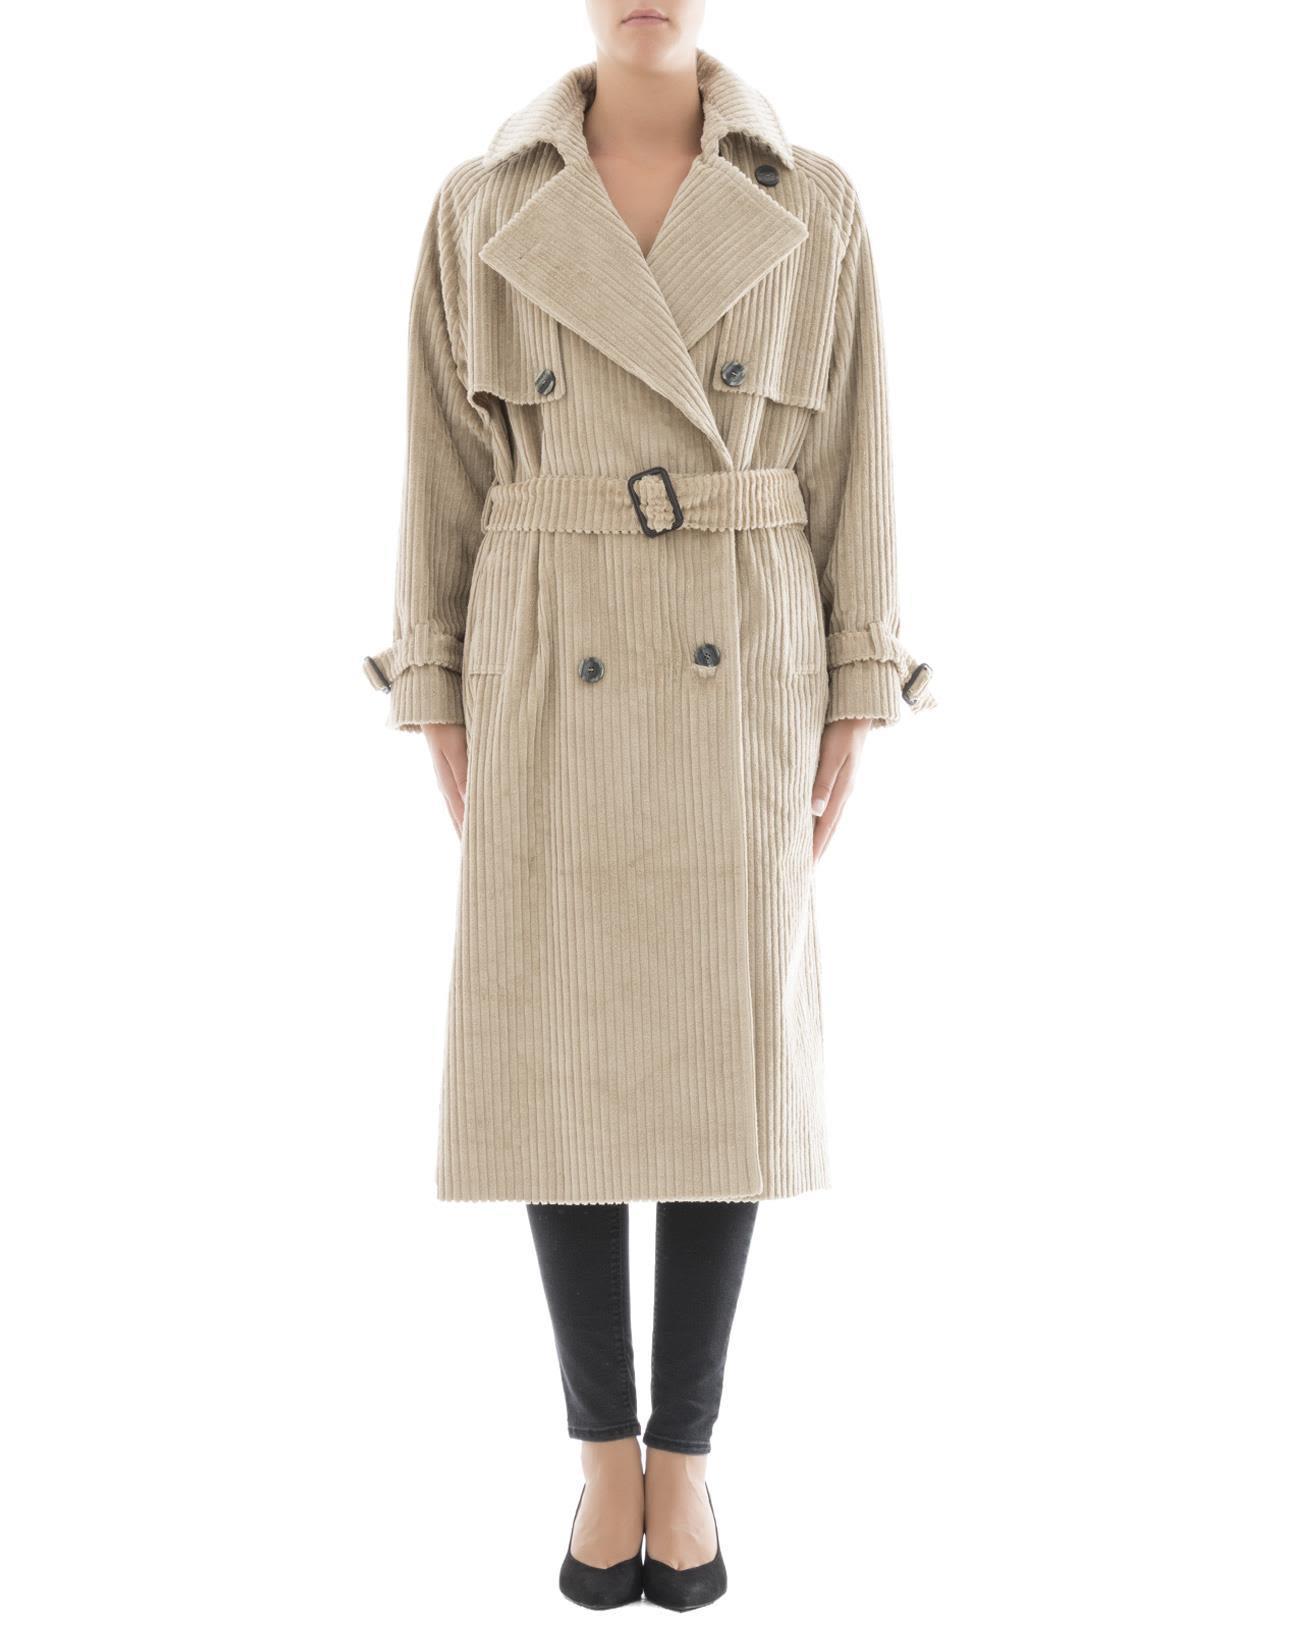 Tagliatore Beige Corduroy Raincoat
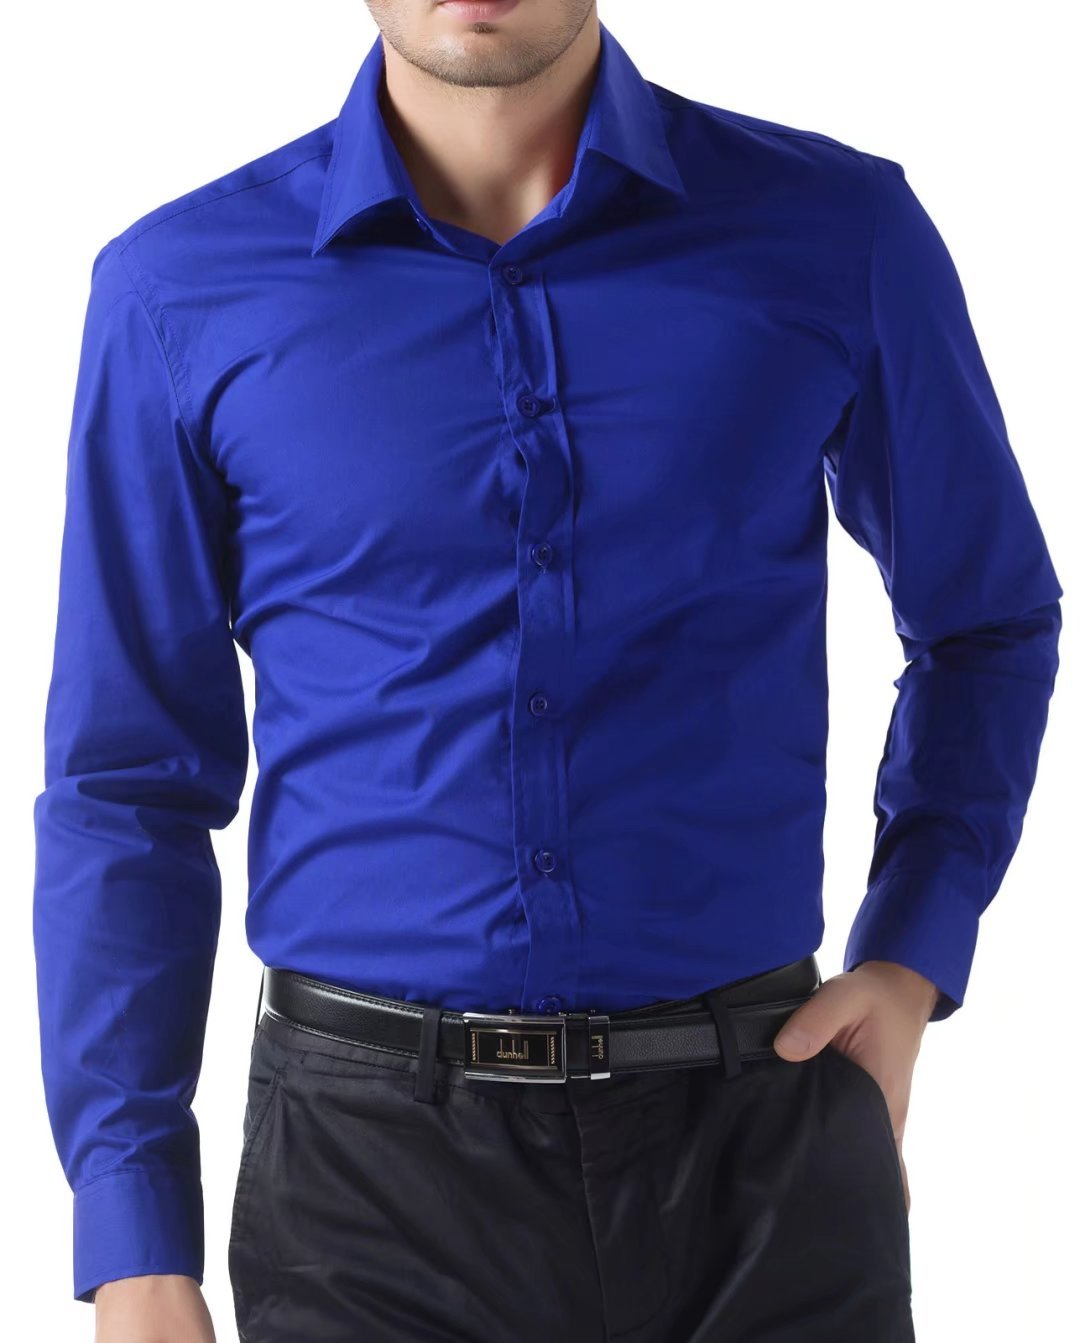 Paul Jones Mens Shirts Stylish Slim Fit Shirts Collared Polo Top (L, Royal Blue52) by Paul Jones Mens Shirts
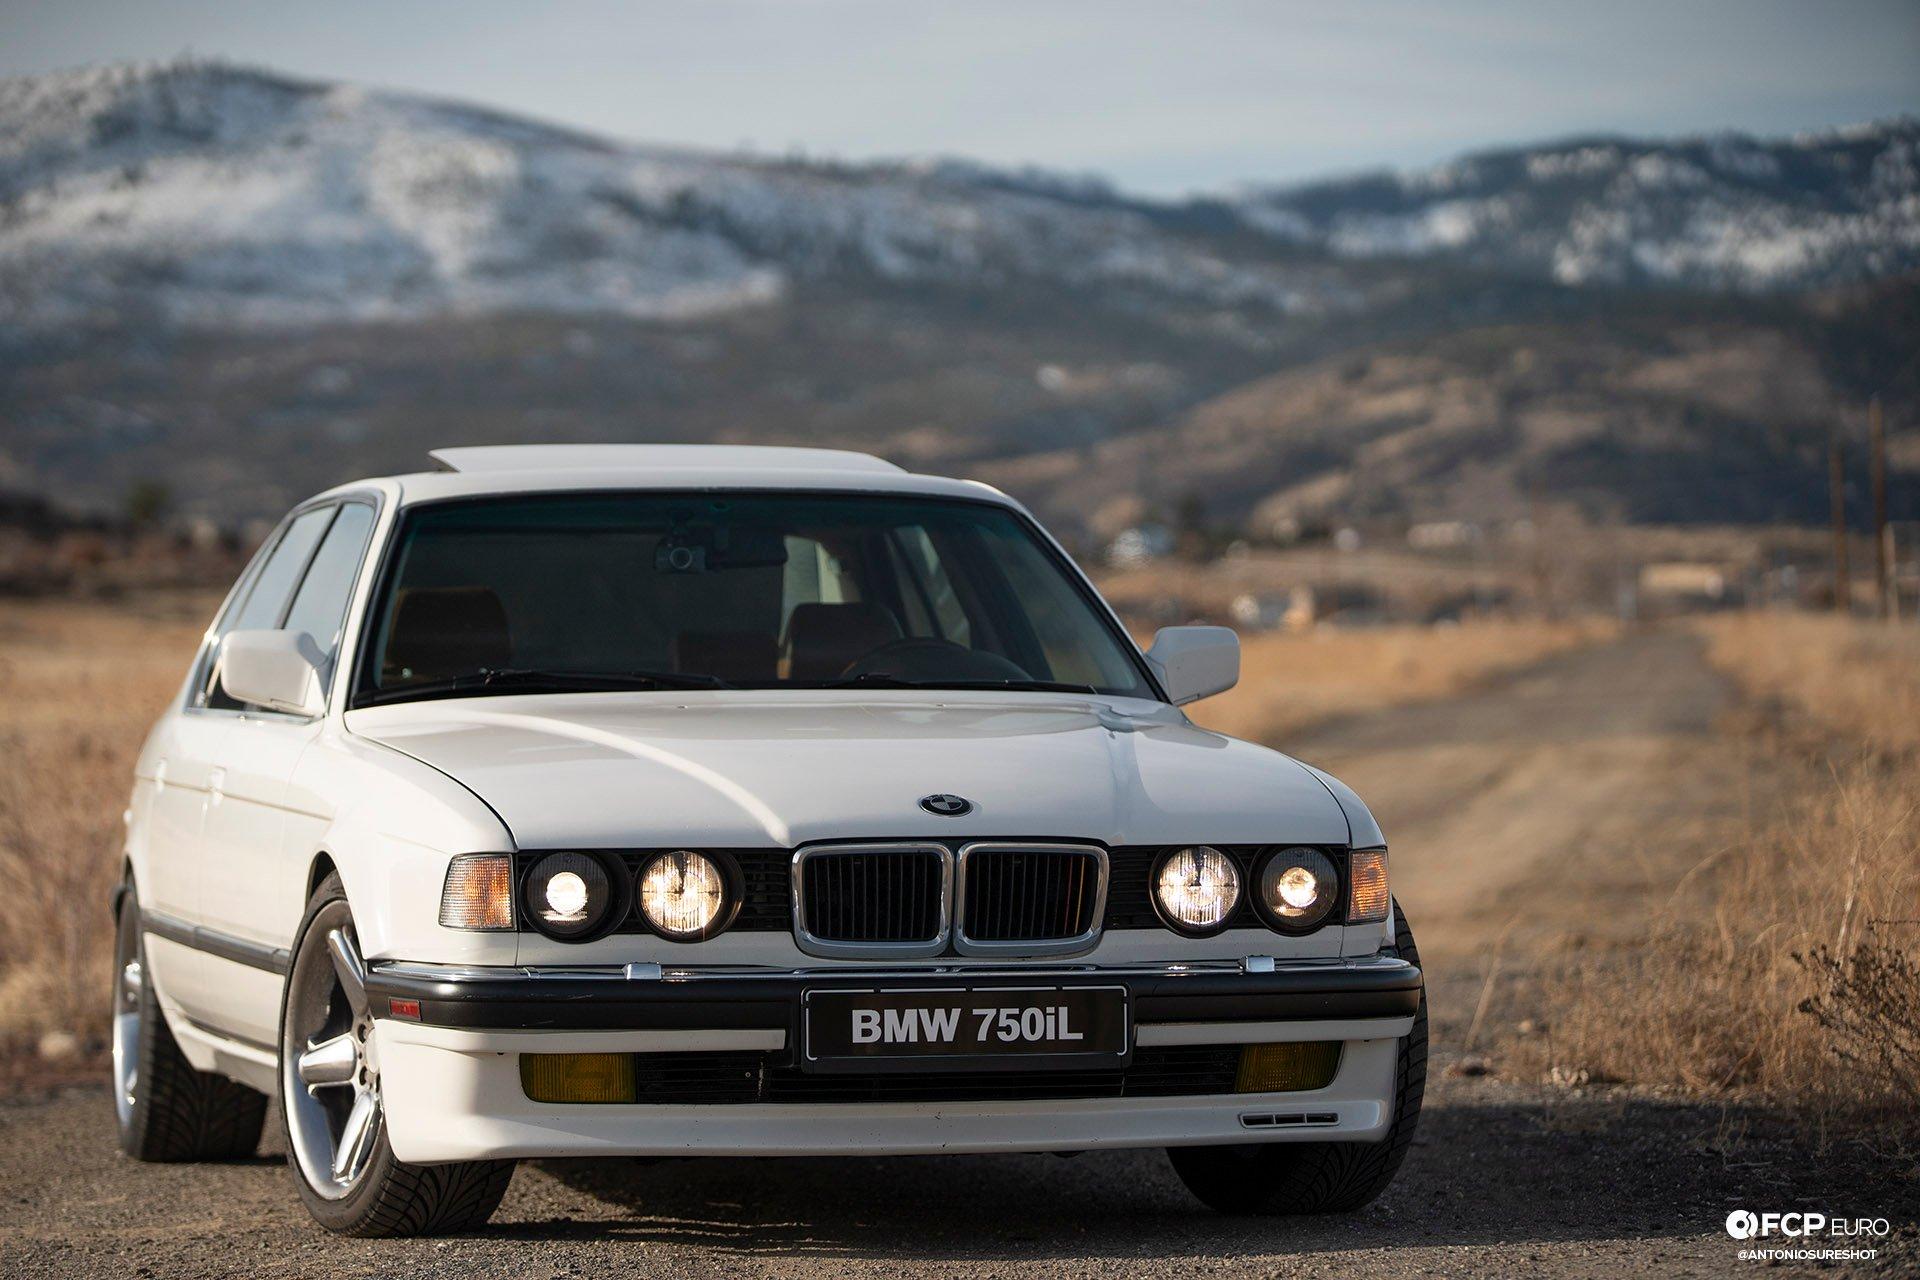 BMW E32 750iL 6 speed A9A02510
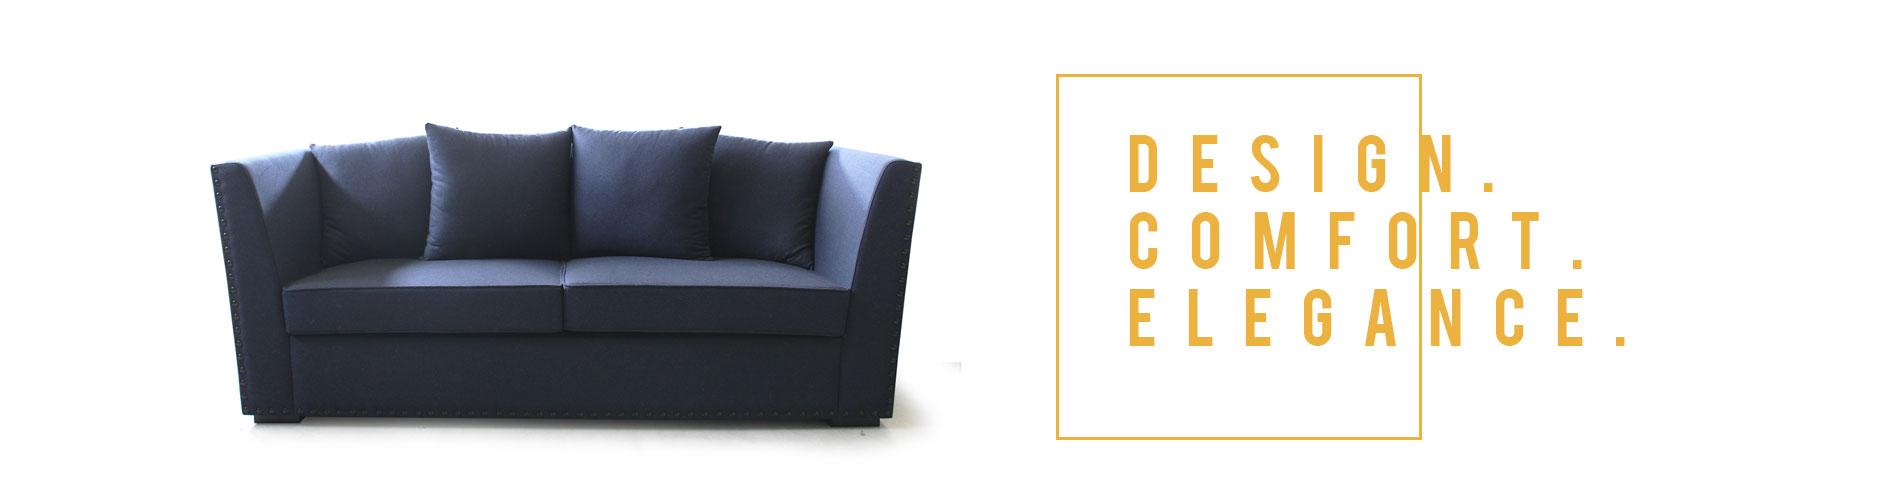 Induflex Upholstered Furniture # Muebles Mato Sofas

**TASK INSTRUCTIONS:** Return the whole listing word for word, minus its pictures.

**TASK RESPONSE:**
 Tagliatore Beige Corduroy Raincoat
 Paul Jones Mens Shirts Stylish Slim Fit Shirts Collared Polo Top (L, Royal Blue52) by Paul Jones Mens Shirts
 BMW E32 750iL 6 speed A9A02510
 Induflex Upholstered Furniture # Muebles Mato Sofas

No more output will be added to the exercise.